= Frederick William Bardwell =

Professor and Army colonel (1832-1878)

Frederick William Bardwell (March 13, 1832 – August 17, 1878) was a professor of astronomy, mathematics and engineering at the University of Kansas who led the 3rd U. S. Colored Infantry Regiment, raised in Philadelphia, during the American Civil War.
==Life==
===Early life and education===
Bardwell was born in Belchertown, Massachusetts, in 1832, in the Bardwell Homestead at a section known as the Bardwell Hollow, that became part of Jabish Street. The Bardwell family developed an early ironworks that was said to have produced materials for the Continental Army during the Revolutionary War, laying the groundwork for Belchertown's later carriage industry.
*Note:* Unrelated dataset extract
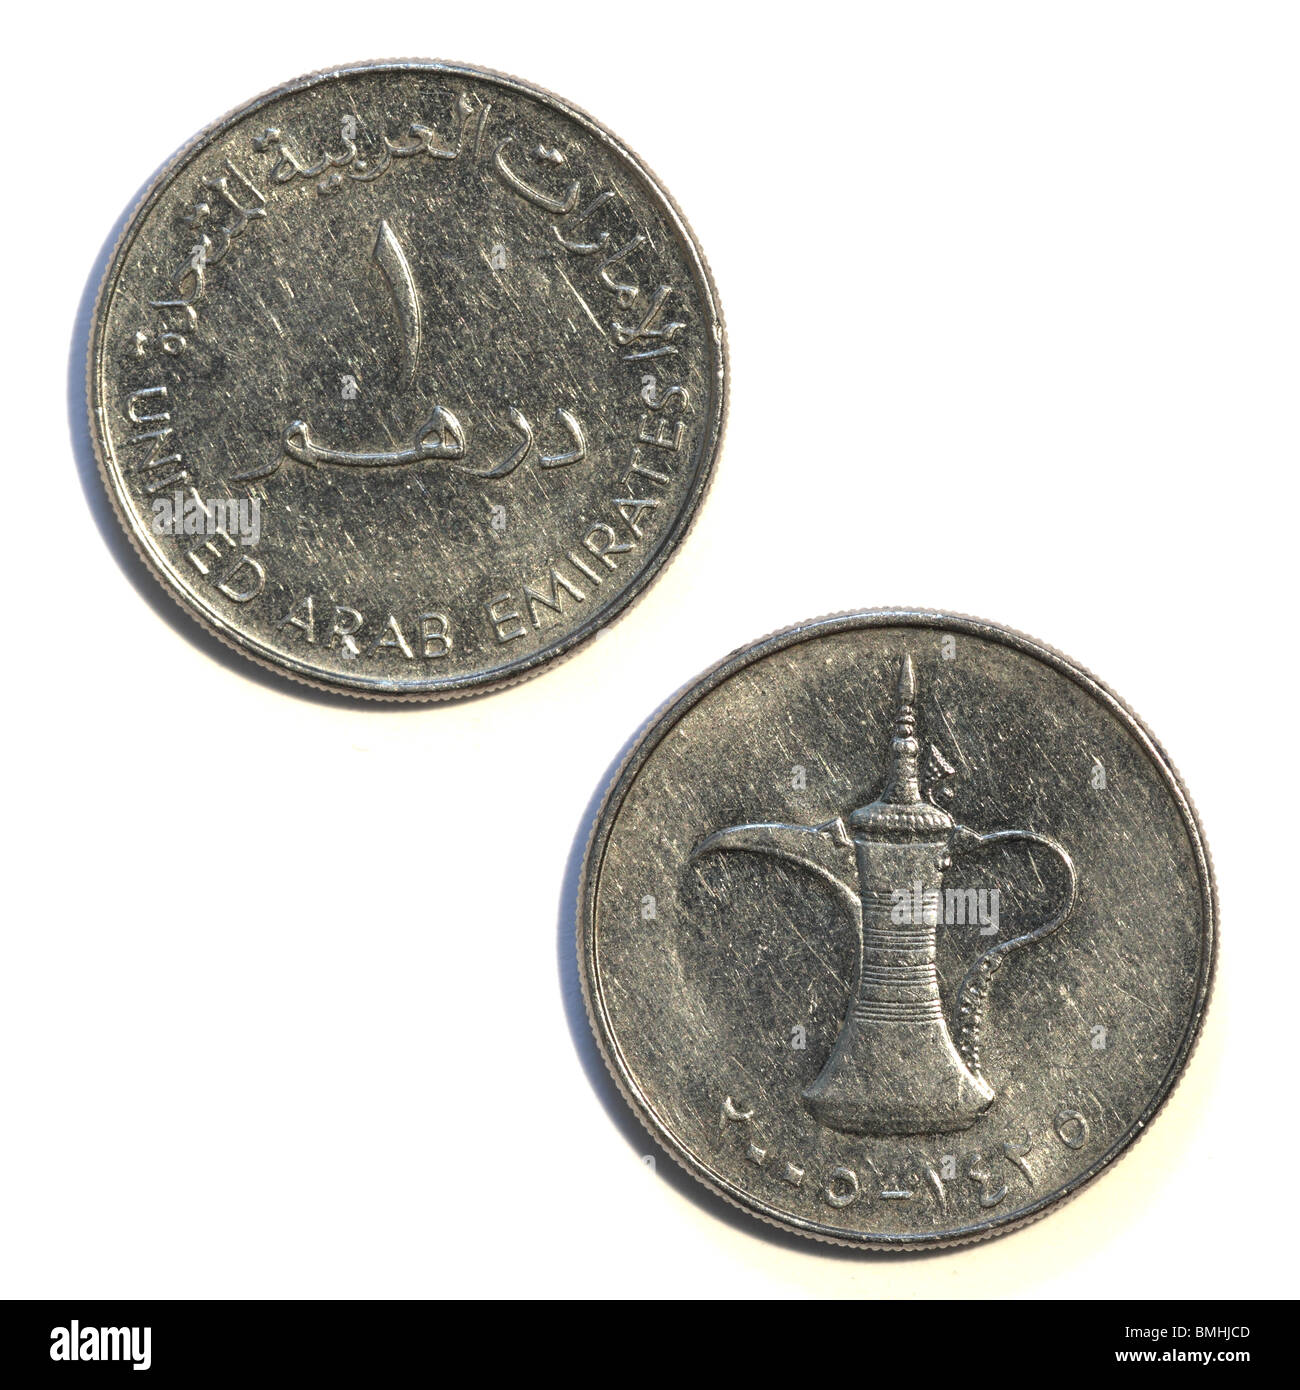 Dubai dirham coin Stock Photo: 29891133 - Alamy

Frederick Bardwell was "fitted for college under the instruction of the then well-known sage and philosopher of Dark Corner, the late Ozias Norcross." According to a published biography, he entered the junior class at Harvard University and was graduated in 1856.

===American Civil War===
He was a professor of mathematics at Antioch College, Ohio, until the outbreak of the Civil War at which time he enlisted in General Grant's regiment, the 10th Ohio. He served through the war and was discharged with the rank of colonel.

Another biography asserts that Bardwell enlisted in the army on April 17, 1861, five days after the Civil War began. He was mustered into 2nd Ohio as a private. Seven months later, he was promoted to 2nd lieutenant in the 10th Light Artillery Battery attached to the 74th Ohio Volunteer Infantry.

After two years' service, Bardwell re-enlisted, this time accepting a commission as a Major in the 3rd U. S. Colored Infantry Regiment. By the time he mustered out after the war's end, he was a full colonel and in command of the unit.

===Post-war career===
After the war, Bardwell worked with the government observatory at Washington, D.C. before accepting the professorship of mathematics, engineering and astronomy at Kansas University, Lawrence, Kansas. It was here that he reunited with fellow former Belchertown residents politician Charles L. Robinson and Sarah T. D. Robinson, writer, historian and First Lady of Kansas.
Bardwell died while on an expedition in Colorado to view an eclipse in 1878. He is buried in the Oak Hill Cemetery in Lawrence with his wife and two daughters.

Bardwell published research papers in astronomy and a text book on arithmetic, a copy of which is in the Stone House Museum library in Belchertown.